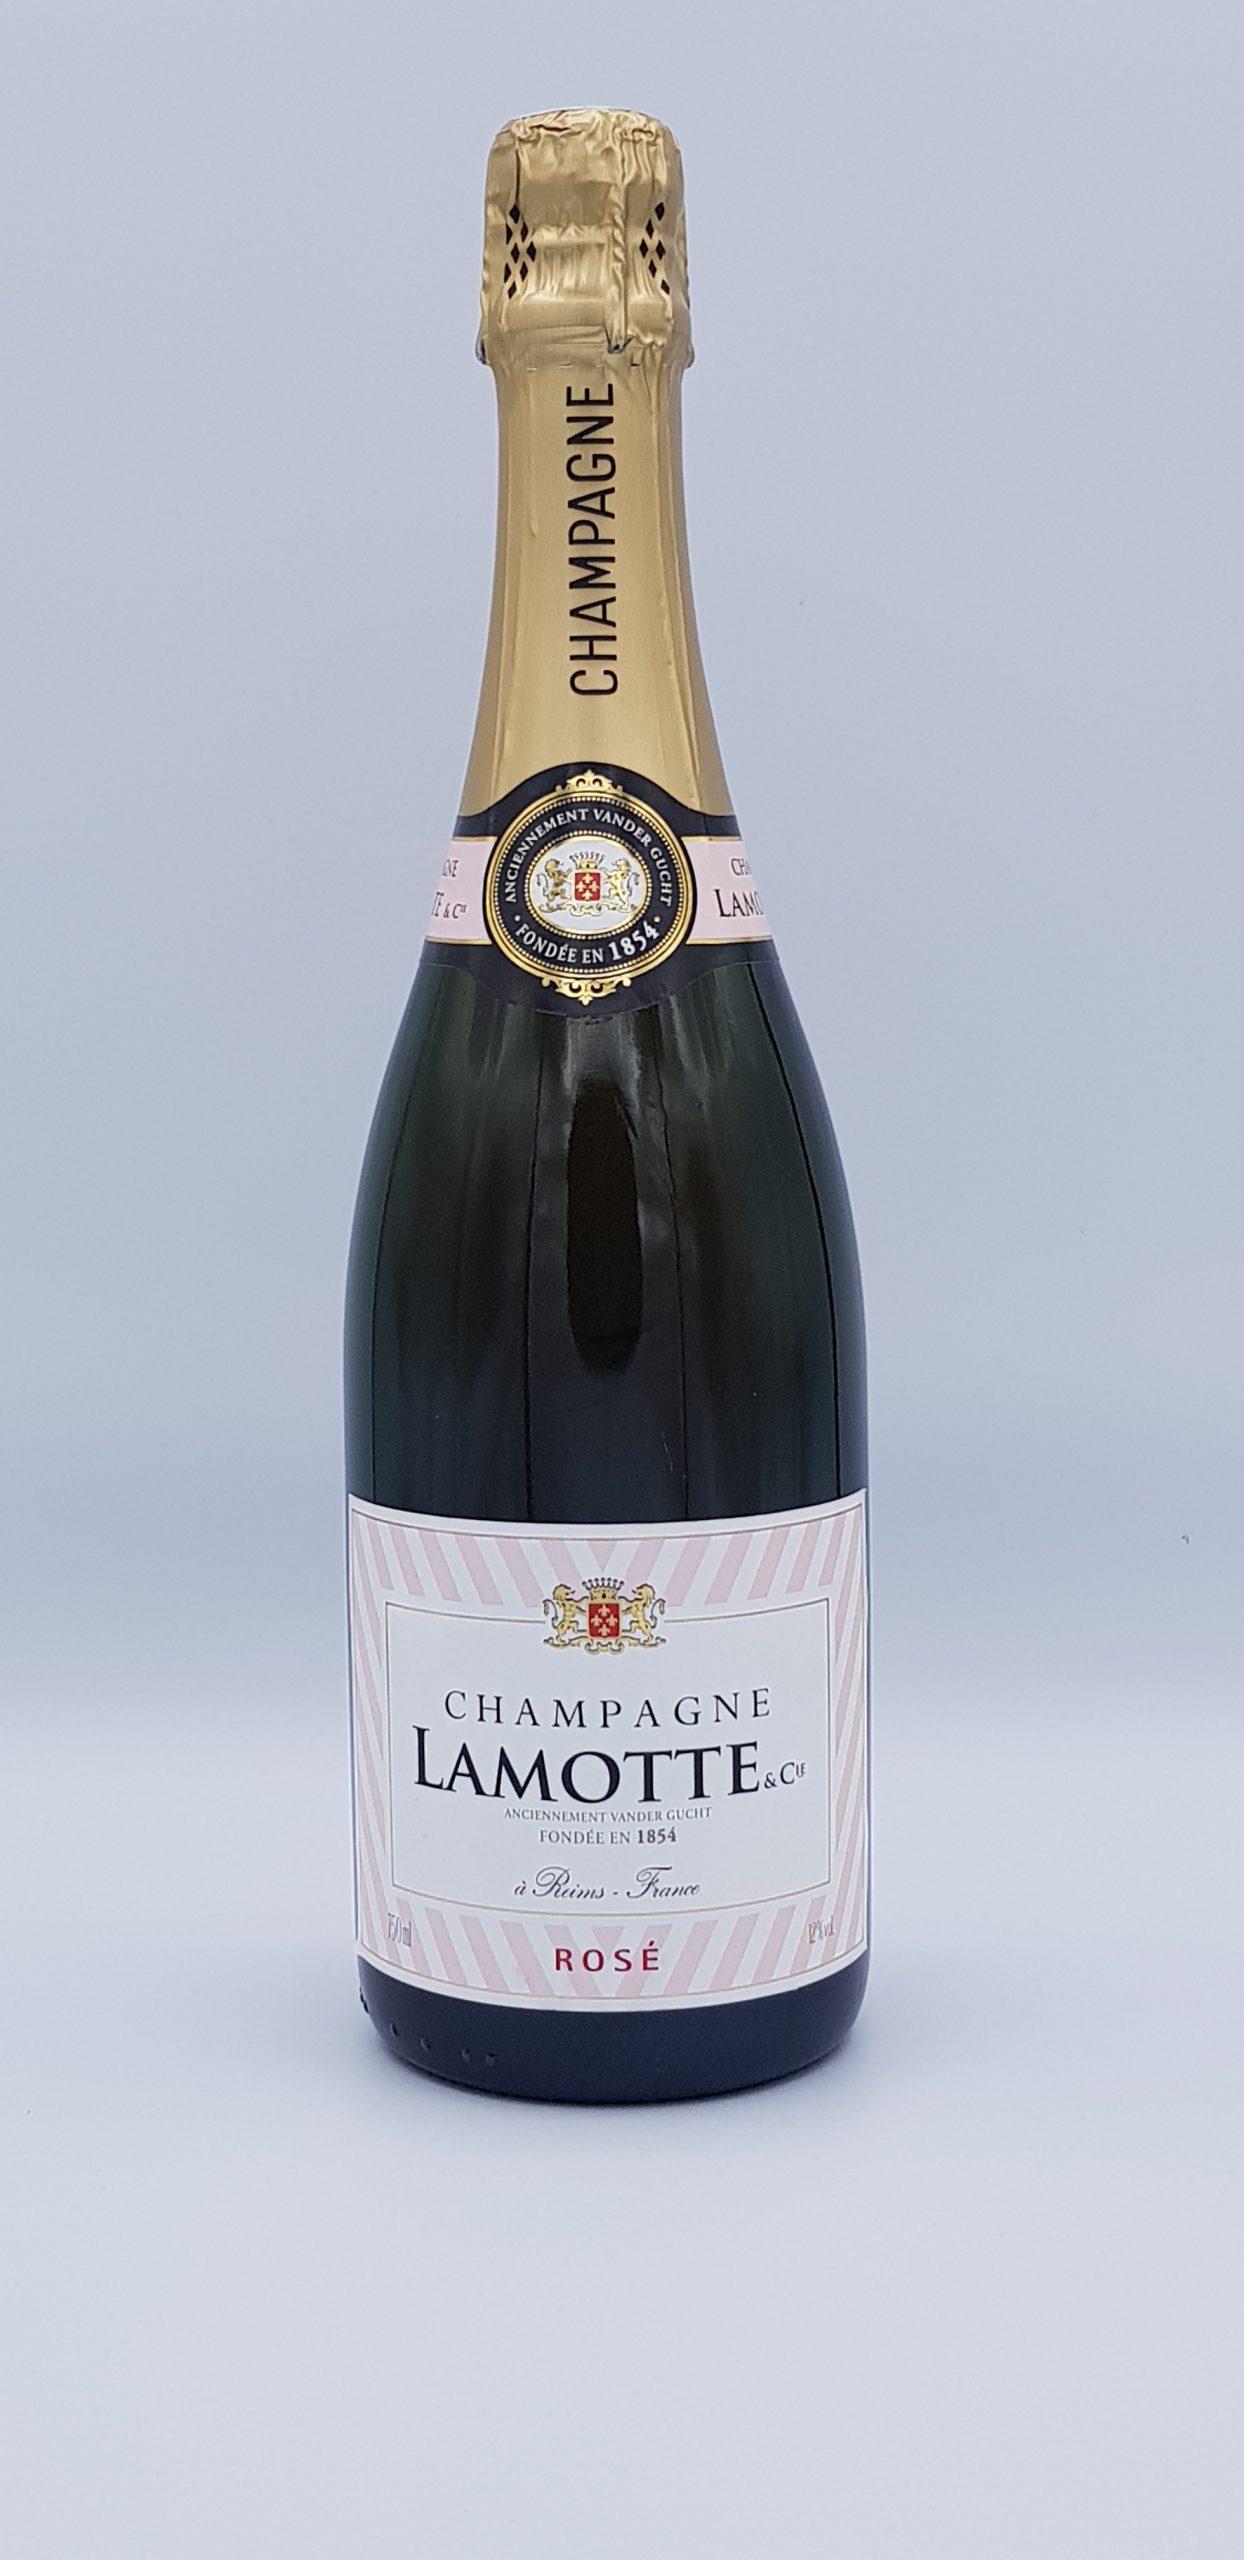 Champagne Lamotte Rose
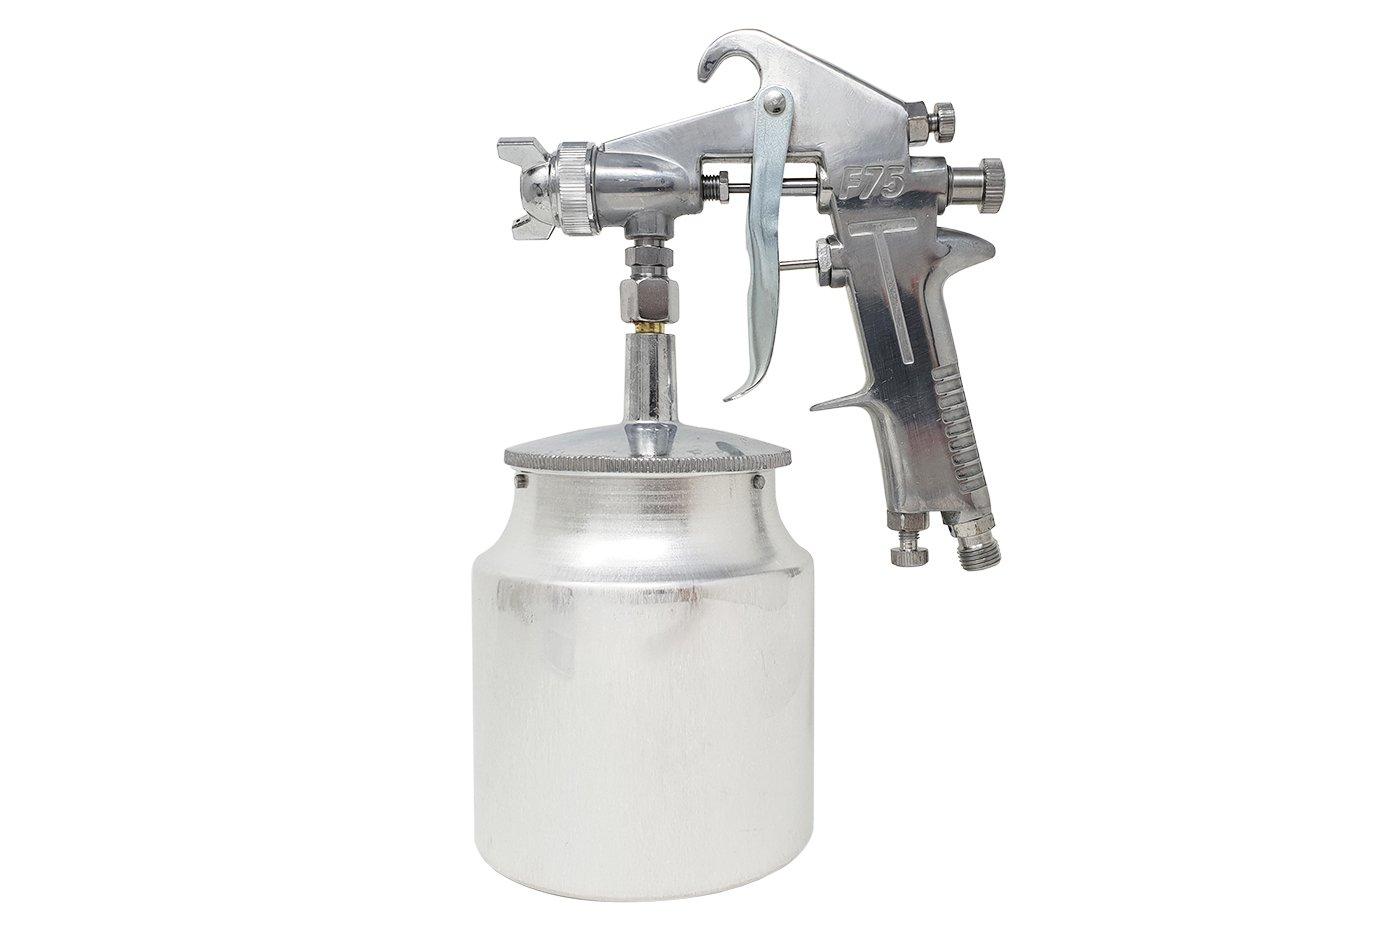 BES 24209 Pistola a Spruzzo, Compressore per Vernice Ad Aria Spray Pittura BES SRL
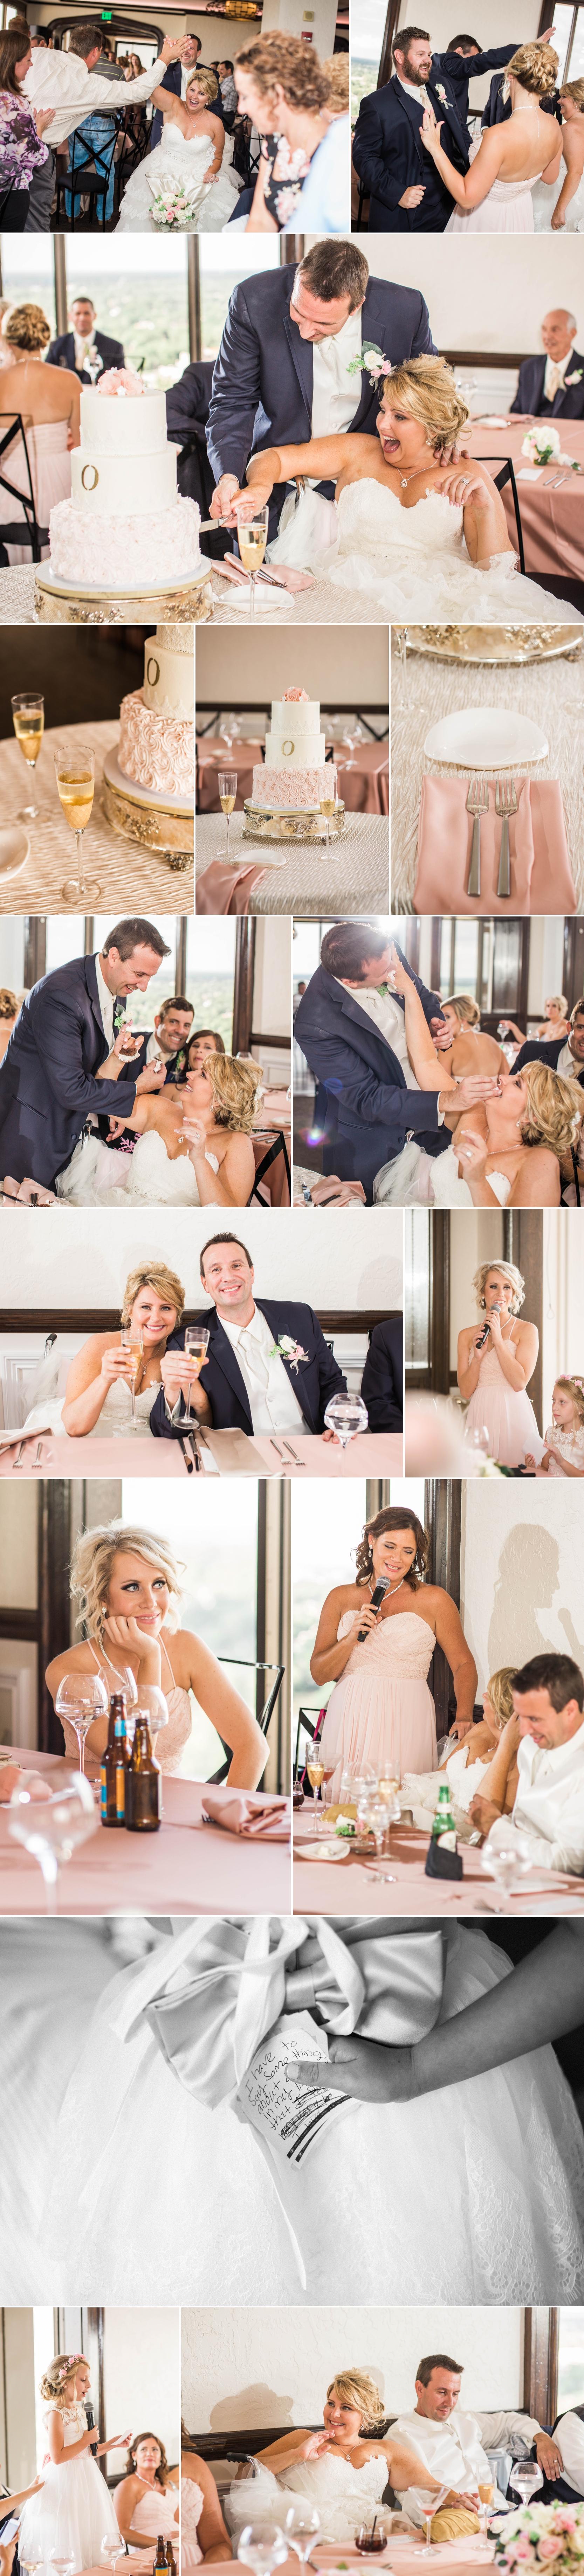 wedding-wedding day-downtown fort wayne-bride-groom-love-wedding party-reception-empyrean-wedding cake-toasts

» **Work required**
Take the lines from the one that contains "BES 24209 Pistola" through the last line of the material above and reproduce them exactly, leaving out any pictures.

» **Output for this exercise**
 BES 24209 Pistola a Spruzzo, Compressore per Vernice Ad Aria Spray Pittura BES SRL
 wedding-wedding day-downtown fort wayne-bride-groom-love-wedding party-reception-empyrean-wedding cake-toasts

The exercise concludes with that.